Des drogues pour mieux combattre
Mais le fanatisme ne suffit pas. Plusieurs témoignages font également état de l’usage de drogues comme le Captagon (amphétamine) chez les soldats de l’EI, afin d’ignorer la douleur et la fatigue. Dans un reportage pour Vice news, un membre du Hezbollah qui s’est battu en Syrie raconte :
“Ils prennent du Captagon (amphétamine), pour se rendre insensibles et rester concentrés sur l’objectif. On a capturé un groupe de 15 [jihadistes de l’EI], ils avaient de grandes quantité de pilules sur eux. Ils arrivent sur le champs de bataille par groupe de 50 ou 60, mais sans compétences militaires. Ils se lèvent et disent “debout, allons tuer!” Il ne sentent pas les blessures à cause des pilules.”
Peu de combattants occidentaux en première ligne
Mais parvenir sur un champ de bataille est encore une autre affaire pour les soldats venus de l’ouest. Les occidentaux sont souvent traités différemment, comme l’explique Wassim Nasr, journaliste et spécialiste des mouvements jihadistes dans un article de France 24:
“Beaucoup des jihadistes français évoluant en Syrie ne sont pas en première ligne, (..) en arrivant dans des camps d’entraînement, ils sont jugés, jaugés et chacun est affecté à un domaine de compétence en particulier : la communication sur les réseaux sociaux, les explosifs, la cuisine, etc.

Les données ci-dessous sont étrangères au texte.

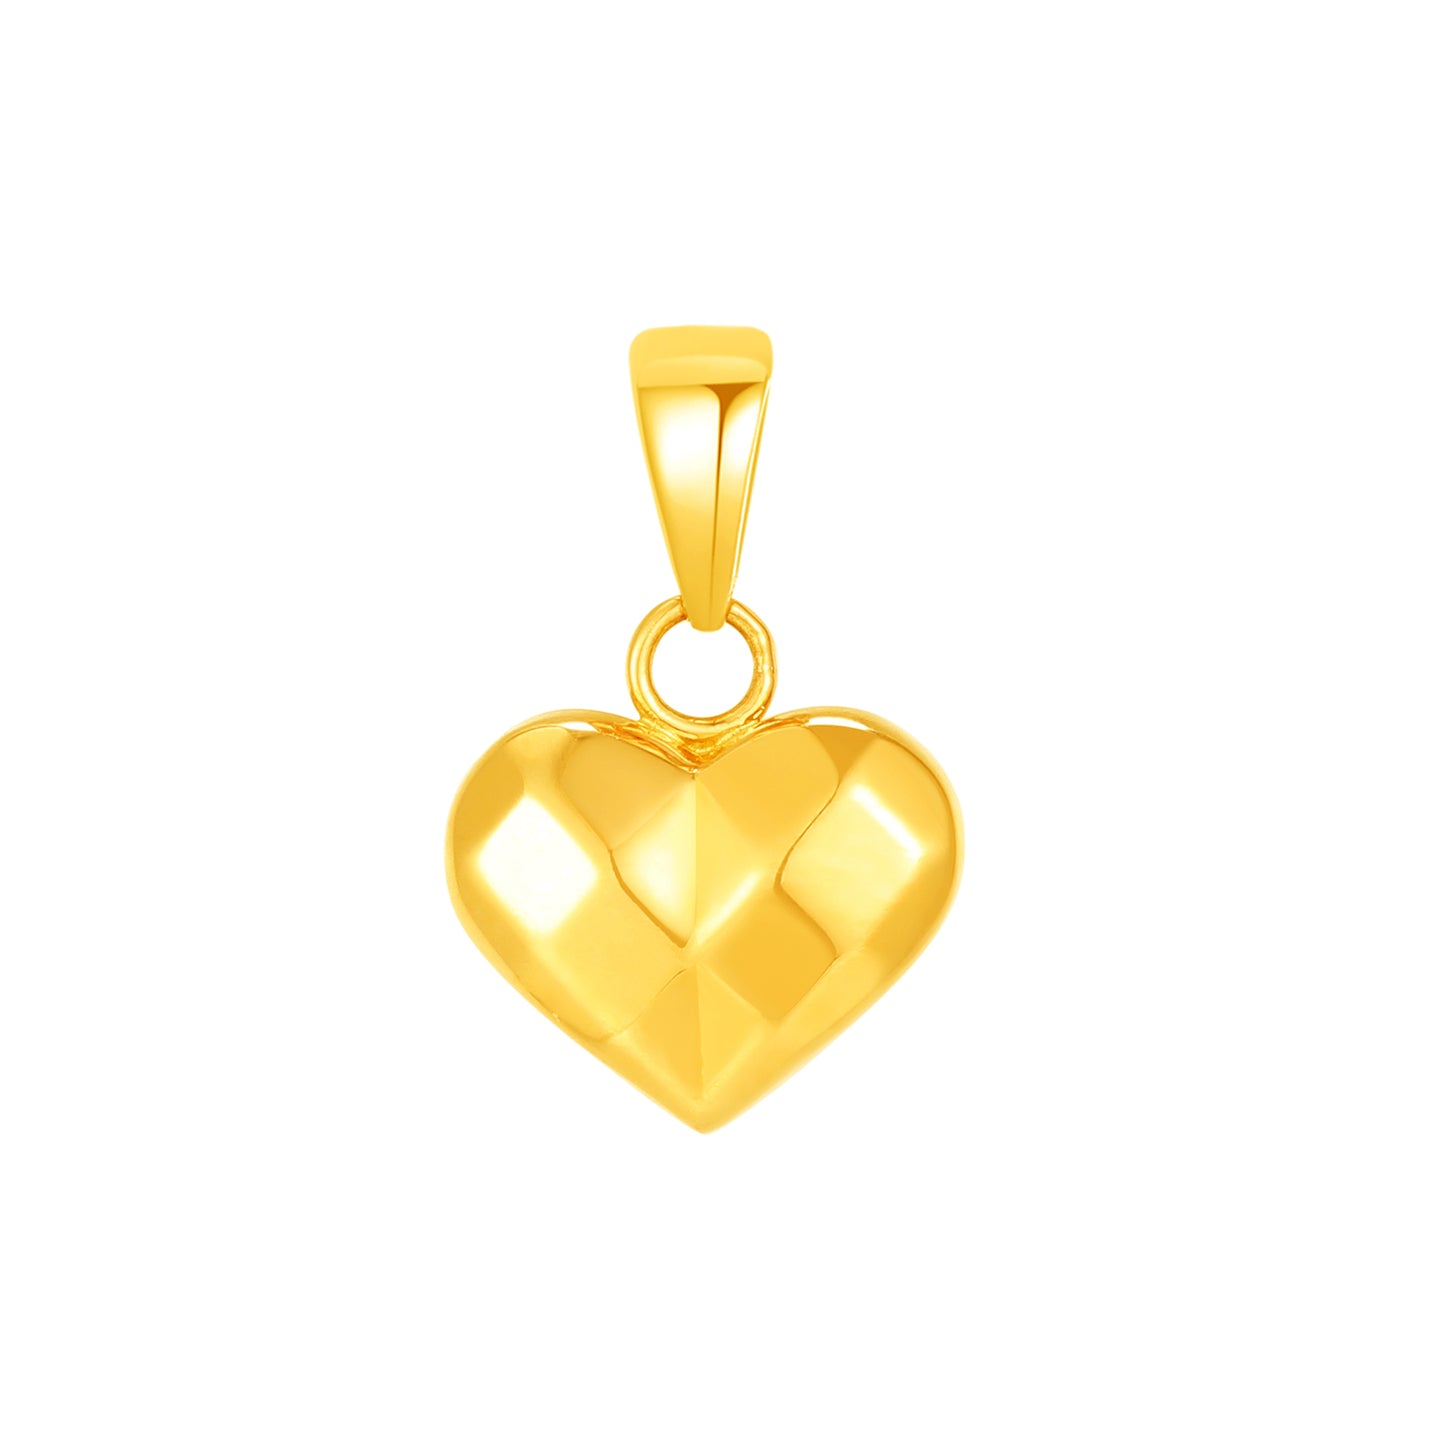 TAKA Jewellery Dolce 18K Gold Pendant Heart

Il n’y a pas d’unités de combattants français sur le terrain, à la différence d’autres nationalités, comme les Marocains par exemple.”
Jean-Pierre Filiu, professeur à Sciences-Po Paris explique dans l’Express : “Le premier ordre que reçoit maintenant un volontaire européen quand il arrive en Syrie est de ramener cinq de ses copains et proches. On lui demande très vite de contacter de nouveaux candidats sur Facebook, Twitter et autres réseaux sociaux.”
La méfiance des officiers
Le comportement de ces occidentaux agace parfois les cadres du groupe État islamique. Dans l’article de France 24, le jihadiste Omar Omsen, critique les jeunes recrues : “Ils mangent des sandwichs toute la journée, vont au cyber le soir et c’est tout ce qu’ils font”.
David Thomson explique, toujours dans cet article, que “certains se sont vu rappeler à l’ordre par leur émir” à cause de leur comportement, notamment l’usage peu précautionneux qu’ils font des réseaux sociaux.
Cela accentue un peu plus les fractures entre les combattants locaux et étrangers : “Les jihadistes arabes leur reprochent [aux occidentaux] de ne pas parler l’arabe et surtout de ne pas être fiables (la peur de l’infiltration par des membres des services de renseignements)” explique à l’Orient le jour Alain Rodier, spécialiste du terrorisme. David Thomson estime que 90% des volontaires occidentaux ne parlent pas arabe.
Une fois embrigadé, difficile de fuir l’organisation. Le groupe confisque les passeports et menace de publier les noms et photos des déserteurs, selon le témoignage d’un repenti jihadiste européen.
Photo d’en-tête : Daech, naissance d’un État terroriste. Capture d’écran du documentaire, 10 février 2015, Arte, creative commons.